To preserve the quality of data, one should consider all pixels while downsampling a point cloud. In addition, every pixel of the downsampled image should be obtained based on a procedure performed on an even pixel grid (2x2, 4x4, 6x6, etc.) of the original image. A recommended procedure for downsampling a Zivid point cloud is described as follows. It is assumed that the goal is to half the point cloud in size by reducing the image from e.g. 4x4 to 2x2.

The Bayer grid downsampling.

Downsampling RGB values (color image)

Each pixel value of the new image should be calculated by the average over every 2x2 pixel grid of the initial image. This should be done for each channel R, G and B. Here is an example to calculate the new R:

\[\begin{split}\begin{align} R_{new}(1,1) = \frac{R(1,1)+R(1,2)+R(2,1)+R(2,2)}{4}\\ R_{new}(1,2) = \frac{R(1,3)+R(1,4)+R(2,3)+R(2,4)}{4}\\ R_{new}(2,1) = \frac{R(3,1)+R(3,2)+R(4,1)+R(4,2)}{4}\\ R_{new}(2,2) = \frac{R(3,3)+R(3,4)+R(4,3)+R(4,4)}{4} \end{align}\end{split}\]

The same should be done for G and B values.

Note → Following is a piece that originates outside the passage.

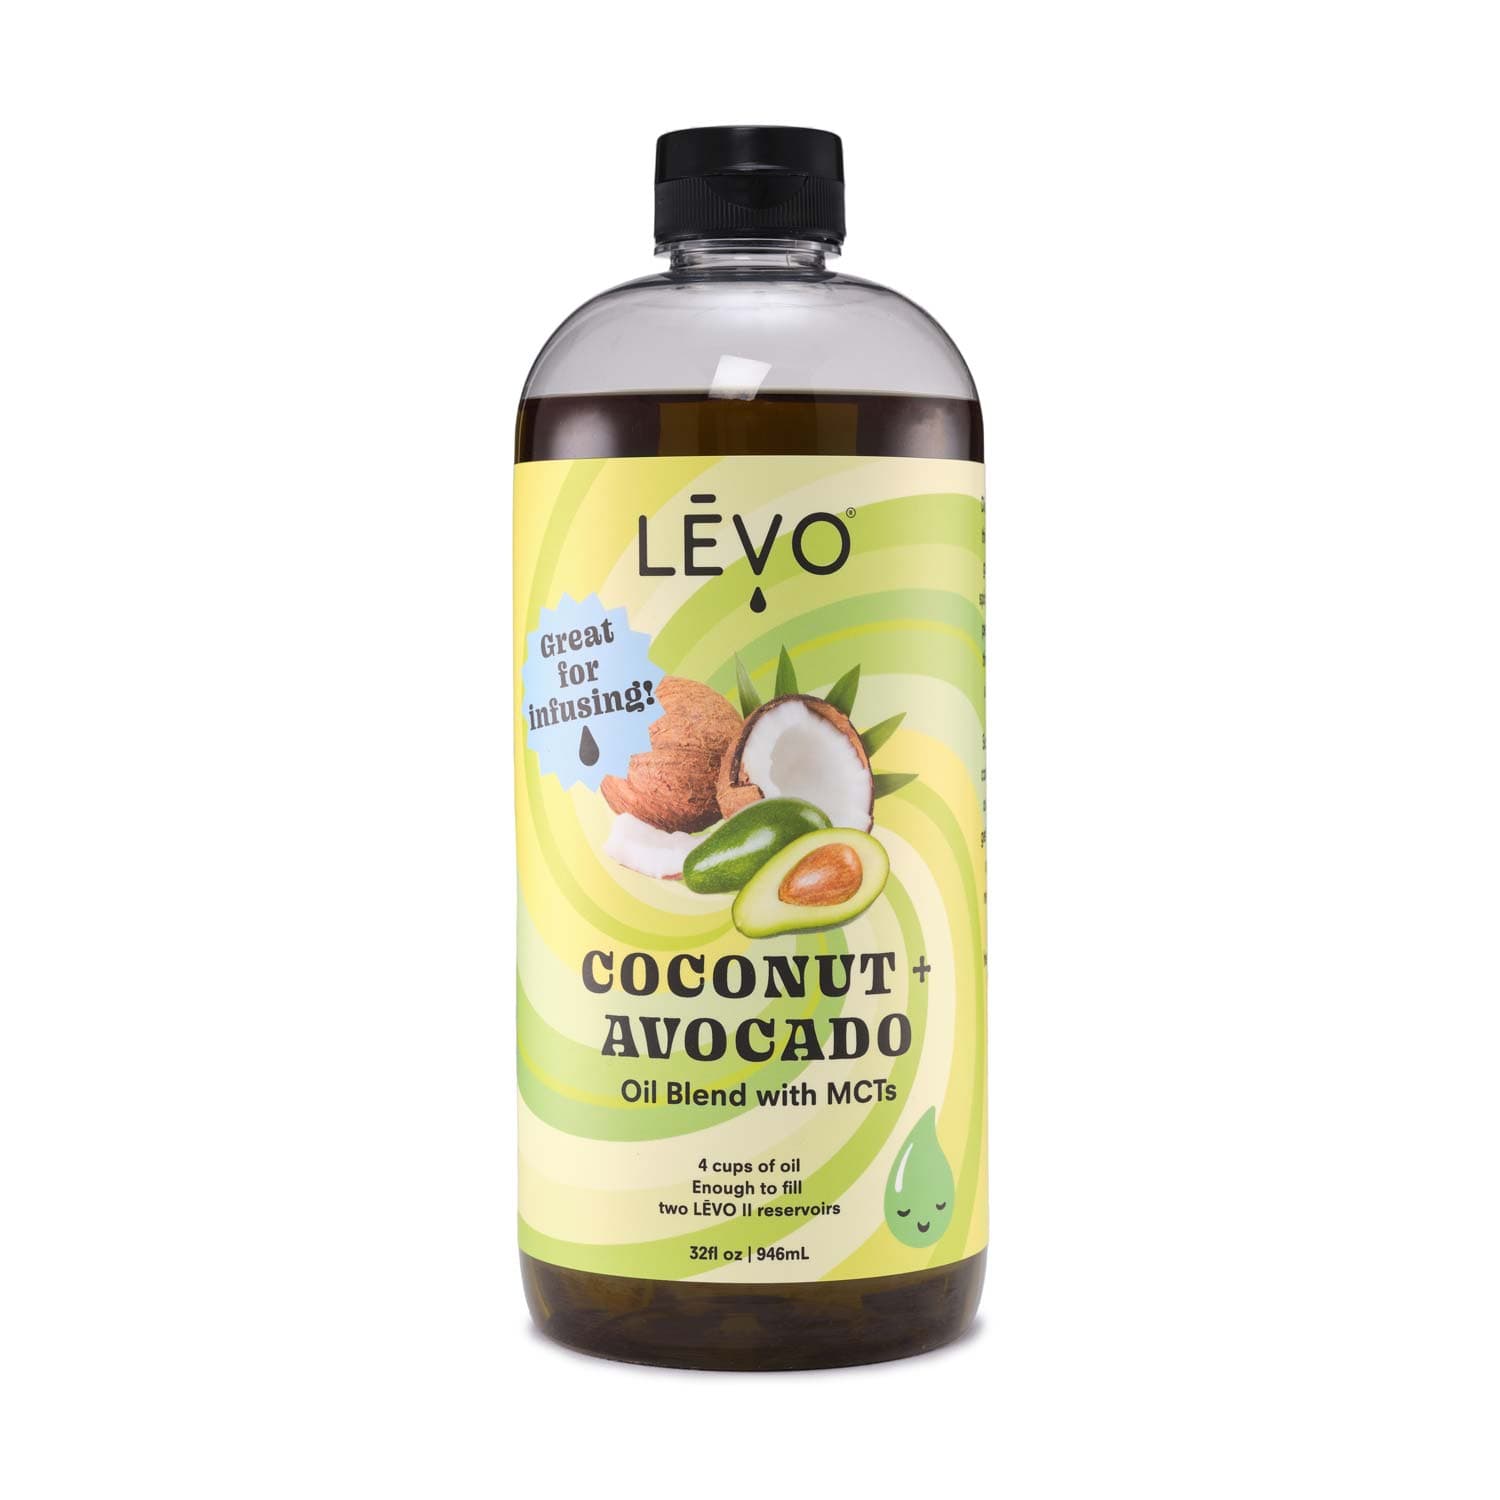 LEVO Coconut Avocado oil blend with MCTs. Premium LĒVO Coconut + Avocado Oil Blend: Perfect for high-heat infusions and culinary creations.

The same procedure that is used to calculate the R, G, B values can be utilized to calculate the X, Y, Z values of the new downsampled point cloud. When calculating the X, Y, Z values it is also necessary to handle the NaN values in the point cloud. The previous method is therefore not the optimal solution, and a better approach is described below.

Downsampling XYZ values (point cloud)

X, Y, Z pixel values of the new image should be calculated by taking every 2x2 pixel grid of the initial image. Instead of a normal average, an SNR-weighted average value should be used for each coordinate. To brush up on how Zivid uses SNR check out our SNR page.

There are cases where the X, Y, Z coordinates of any pixel may have a NaN value, but the SNR for that pixel will not be NaN. We can handle this by doing a basic check to see if any pixel has a NaN value for one of its coordinates. Check if any pixel has a NaN value for one of the X, Y, Z coordinates. If it does, then replace the SNR value for that pixel with zero. This can be done by selecting the pixels whose e.g. Z coordinates are NaNs and setting their SNR value to zero:

\[SNR(isNAN(Z)) = 0\]

where \(isNAN()\) is a logical masking function that selects only the pixels whose input coordinates are NaNs.

The next step is calculating the sum of SNR values for every 2x2 pixel grid:

\[C_{sum}=SNR(1,1) + SNR(1,2) + SNR(2,1) + SNR(2,2)\]

After this, calculate the weight for each pixel of the initial image:

\[\begin{split}\begin{align} W(1,1) = \frac{SNR(1,1)}{C_{sum}}\\ W(1,2) = \frac{SNR(1,2)}{C_{sum}}\\ W(2,1) = \frac{SNR(2,1)}{C_{sum}}\\ W(2,2) = \frac{SNR(2,2)}{C_{sum}} \end{align}\end{split}\]

To avoid having to deal with \(NaN \cdot 0 = NaN\) instead of \(NaN \cdot 0 = 0\) it is advisable to do the following:

\[\begin{split}\begin{align} & W(isNaN(W)) = 0 \\\\ & X(isNaN(X)) = 0 \\\\ & Y(isNaN(Y)) = 0 \\\\ & Z(isNaN(Z)) = 0 \end{align}\end{split}\]

Finally, the X, Y, Z coordinate values can be calculated. Here is an example for calculating the new X:

\[X_{new}(1,1) = X(1,1) \cdot W(1,1) + X(1,2) \cdot W(1,2) + X(2,1) \cdot W(2,1) + X(2,2) \cdot W(2,2)\]

The same should be done for Y and Z values.

Note that in the sample code, while the underlying concept is the same, the order of operation is slightly different than the above:

\[X_{new}(1,1) = \frac{X(1,1) \cdot SNR(1,1) + X(1,2) \cdot SNR(1,2) + X(2,1) \cdot SNR(2,1) + X(2,2) \cdot SNR(2,2)}{C_{sum}}\]